During laboratory testing of several lithophonic rocks in 1965, Pennsylvania geologist Richard Faas found that they created a series of tones at frequencies lower than the range of human hearing, and only became audible when they interacted with each other. Although lithophonic rocks sound metallic, their somewhat higher iron content is not responsible for such music, but rather a combination of the density of the stone and high degree of internal stress. Or so geologists speculate. In truth, beyond the cursory examinations undertaken by Faas, no actual studies to identify the source of lithophony have been made. Why some rocks produce ringing tones remains a scientific riddle.

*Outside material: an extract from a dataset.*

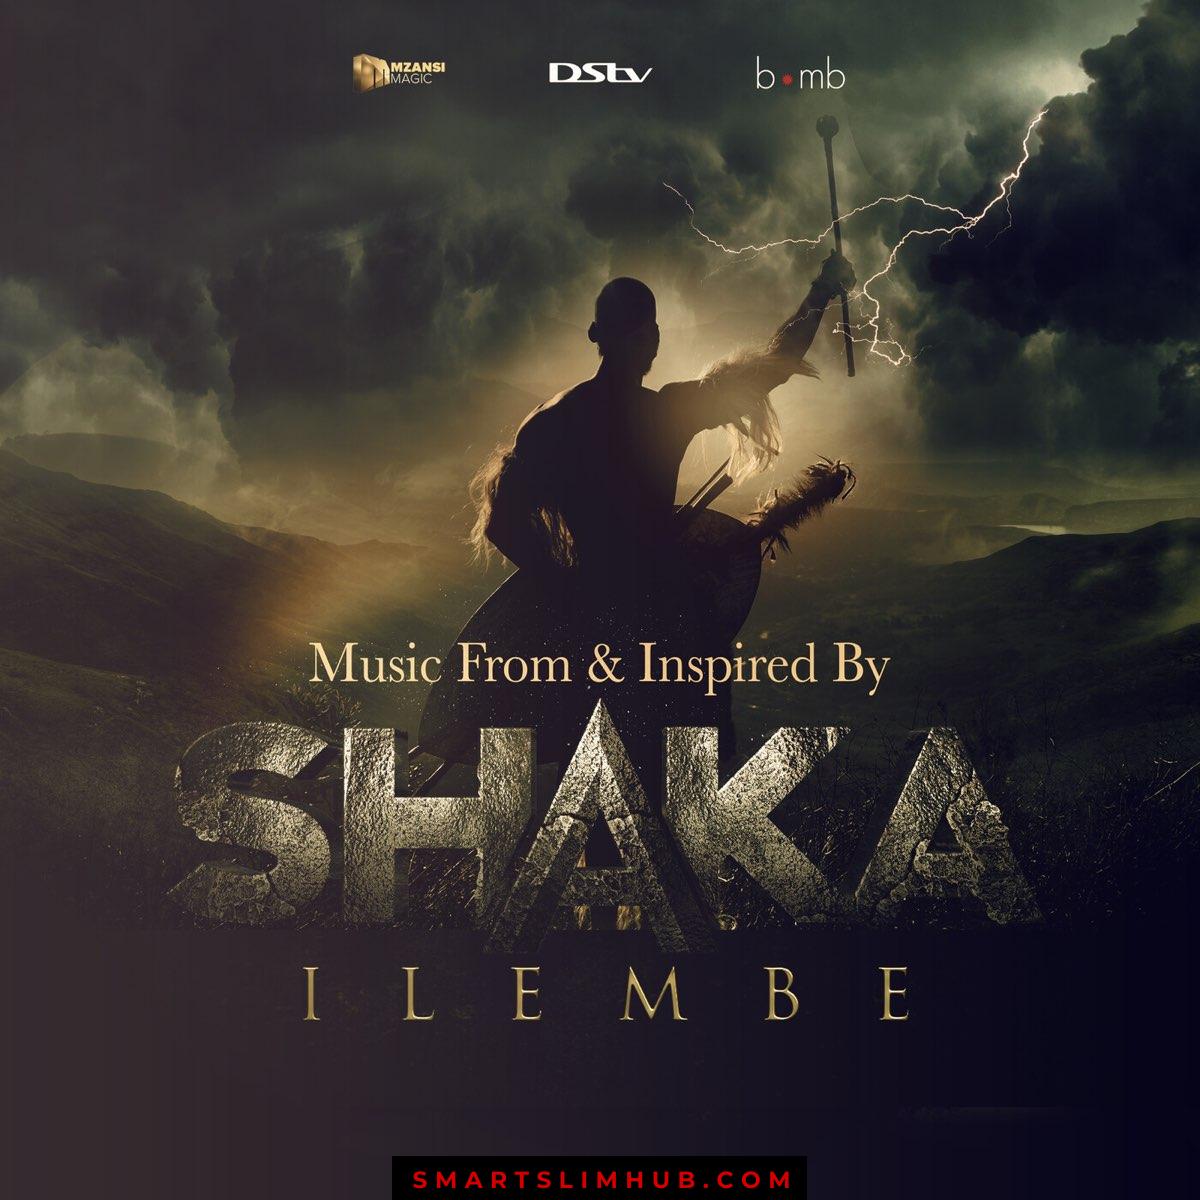 Shaka iLembe – Music From & Inspired By Shaka iLembe (Original Soundtrack album

Their anomalous appearance among the ruins of Mount Padang is another dimension of their ancient mystery. No doubt, they were used by the prehistoric inhabitants as part of their ceremonial and spiritual activities. A concentration of lithophonic rocks on the site’s first terrace is referred to as “the gamelan stones” for their suggestive arrangement and the variety of musical sounds they make. Notes they produce have been identified as F, G, D and A by Hokky Situngkir from the Bandung Fe Institute, an Indonesian research organisation.4
Alignments at Gunung Padang

Archaeo-astronomers have determined that at least several of Mount Padang’s larger standing stones point to very definite celestial phenomena, such as sunrise and sunset on the summer and winter solstices, together with those of the spring and vernal equinoxes. The ceremonial centre’s name may, in fact, have actually derived from these prehistoric solar orientations. For example, the word padang, in the language of the Sundanese people of West Java Province, translates as “bright.” Gunung Padang, the archaeological zone itself, is commonly referred to by native residents as Sundapura, or “the Shrine of the Sun,” while the hill on which the ruins are located (“Mount Padang”) is traditionally called Parahyang Padang: “Where The Sun Ancestors Dwell,” or “Place Of The Ancestors Of The Sun.” These names or titles imply that the original inhabitants were astronomer-priests and/or priestesses, who aligned some of their monoliths with important solar positions. As such, these “Sun Ancestors” were light-worshippers, not unlike the European megalith-builders, who often oriented their own standing stones in western France and the British Isles with identical solar coordinates. Today, Gunung Padang is still sought out as a holy place by the two hundred to seven hundred visitors, most of them religious pilgrims, who visit every month.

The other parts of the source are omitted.